How Our Chess Tournament Predictions Work

The Details

Since the 2022 Grand Prix, I have been publishing predictions for chess tournaments with super grandmasters. I am interested in understanding who is likely to win, and what the probability is for each player. We can also answer other interesting questions, such as, “How likely is the Candidates Tournament to go to tiebreaks?” (22%!) So what goes into making these predictions? A few simple steps.

Predicting the outcome of individual games
Programming the tournament format
Simulating the tournament 10,000+ times

Predicting Individual Games

Every chess tournament is fundamentally the same - we take the results of many individual chess games and we calculate the total points scored for each player to determine the winner. So, the first step in predicting tournament outcomes is creating a good mechanism to predict individual games.

I built a machine learning model to predict the results of chess games given the Elo for the white player and the Elo for the black player. This works really well because the model captures important relationships like white having an advantage over black and that draws are more likely as Elo increases. Both of these relationships are critical to model correctly when predicting tournament outcomes. I wrote an article called Elo Ratings v. Machine Learning earlier in the year, in case you’d like some more details. Below is an example of output from the model showing draw probability as Elo increases. You can see at the super GM level, the draw rate is about 55%.

Programming The Tournament Format

Once we can predict individual games, the next step is to write code to collect information about the players (i.e., names and Elos), the tournament schedule, and the tiebreak procedures. This is a relatively straightforward task, though each tournament usually has a slightly unique format that requires coding. For example, the Grand Prix used a pool-play system and then moved to a knockout, whereas the Candidates Tournament is a double round robin. Each tournament also has different tiebreak procedures that must be considered in the code.

The code for the simulations is available on my GitHub, free for you to use and explore yourself! For example, here is the code to simulate the Candidates Tournament in Python.

Running A Lot Of Simulations

More code! In Python. On my GitHub for you to see.

Once we can simulate the results of a tournament we want to run that simulation over and over to get a sense for the probability of each outcome. I usually run 50,000 (or more) simulations, which is generally enough to have an accuracy within 0.1% (assuming the model for individual games is accurate). That model is not perfect, but it serves as a good approximation.

For example, in round four of the 2022 Candidates Tournament when Ding Liren (white, 2799) faces off against Caruana (black, 2787), there is a 25.4% chance Ding Liren wins, a 57.1% chance of a draw, and a 17.5% chance Caruana wins, according to the model.

Back to the simulations! Once we have our 50,000 simulated tournaments, we can inspect the results for interesting things. Some topics I’ve been curious about for the 2022 Candidates Tournament:

Most obviously, what is the probability of each player winning after each round?
What is the average winning score?
How often does the winner of the tournament lose any of their games with black?
What are the chances the event goes to tiebreaks?

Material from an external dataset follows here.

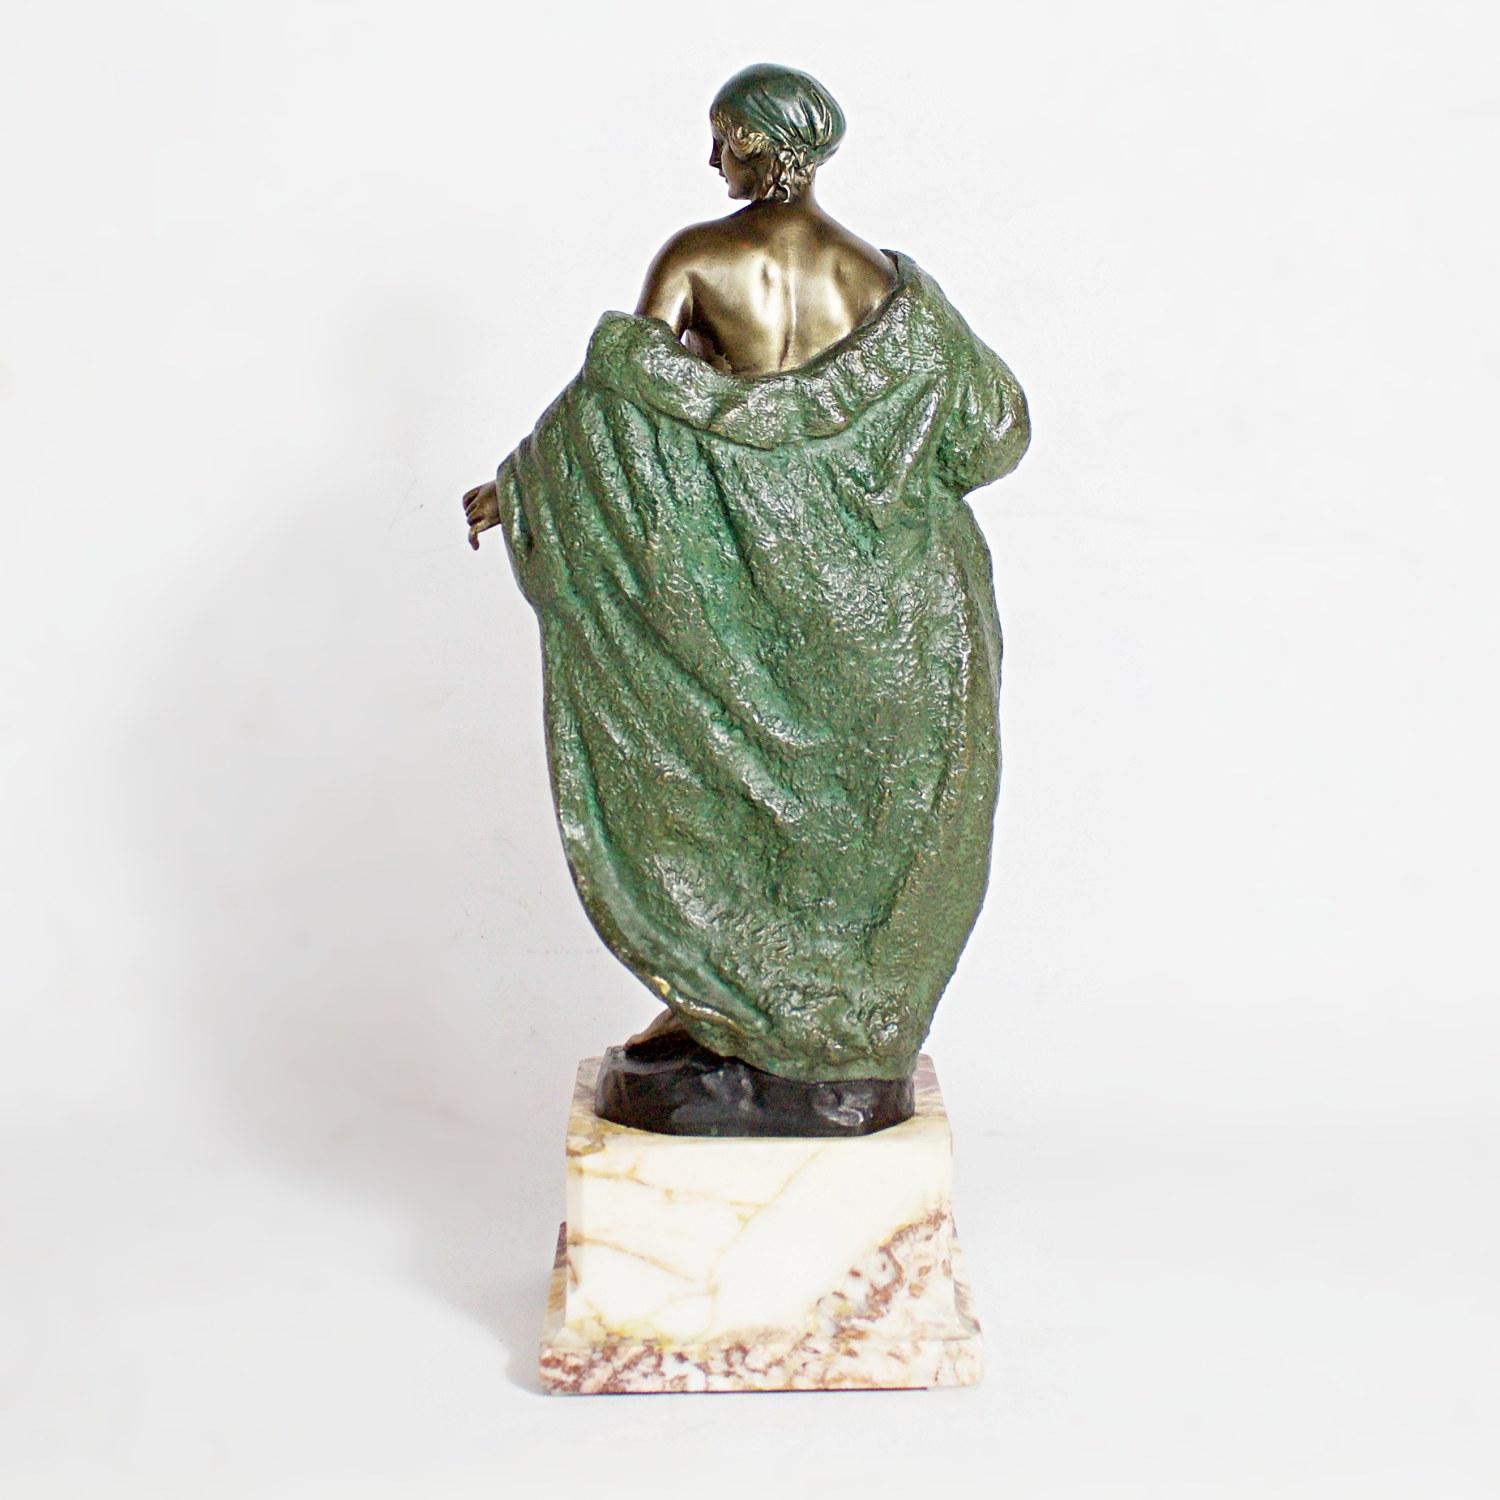 art deco bronze figures for sale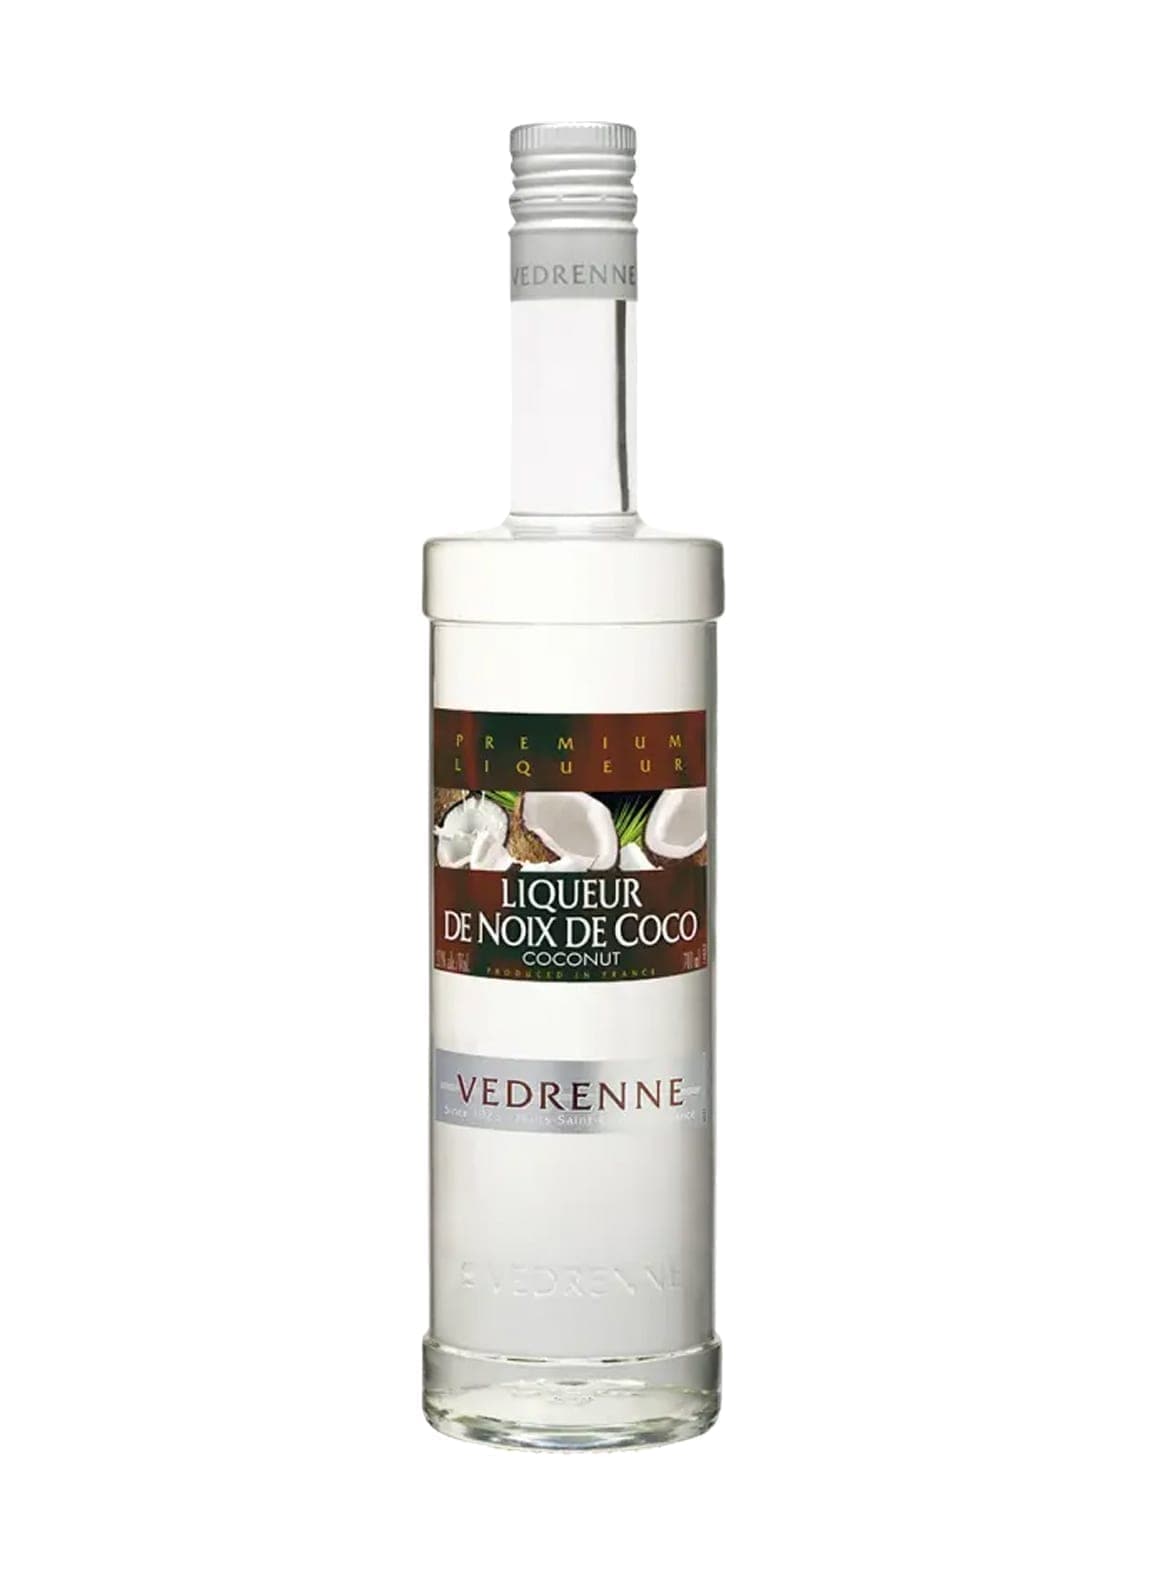 Vedrenne Coconut Liqueur 21% 700ml | Liquor & Spirits | Shop online at Spirits of France

All Models Are Wrong, Some Are Useful

No model attempting to predict the outcome of a future event is perfect. Anyone claiming otherwise is going to be selling you snake oil very soon! But, some models do a good job of capturing an approximation of the real world. As humans, we understand that Ding is more likely to win with white against Caruana than the other way around, and the model can help us approximate that difference.

As of round three, my predictions say that both Nepo and Caruana have a 25% chance to win the event. So if Firouzja wins, does that mean my model was wrong? No, as it stands today, I believe it’s approximately true that they each have a 25% chance of winning, but that doesn’t mean it will turn out that way - in fact, it also means there is a 75% chance that Caruana will not win the tournament!

So, I claim the model and my simulations are useful, but there are many ways I could improve them. If you have more suggestions to improve the simulations or model, please let me know on Twitter or Reddit.

Future improvements

How drawish each player is individually (ehem, Drawdjabov!)
Previous head-to-head results
How good each player is with white and black
Considering the tournament situation in individual game predictions (e.g., sometimes a player may need a win so they give up drawing chances for a small increase in winning chances)

Hopefully this helps you understand the simulations I publish, and please feel free to ask questions if you have them.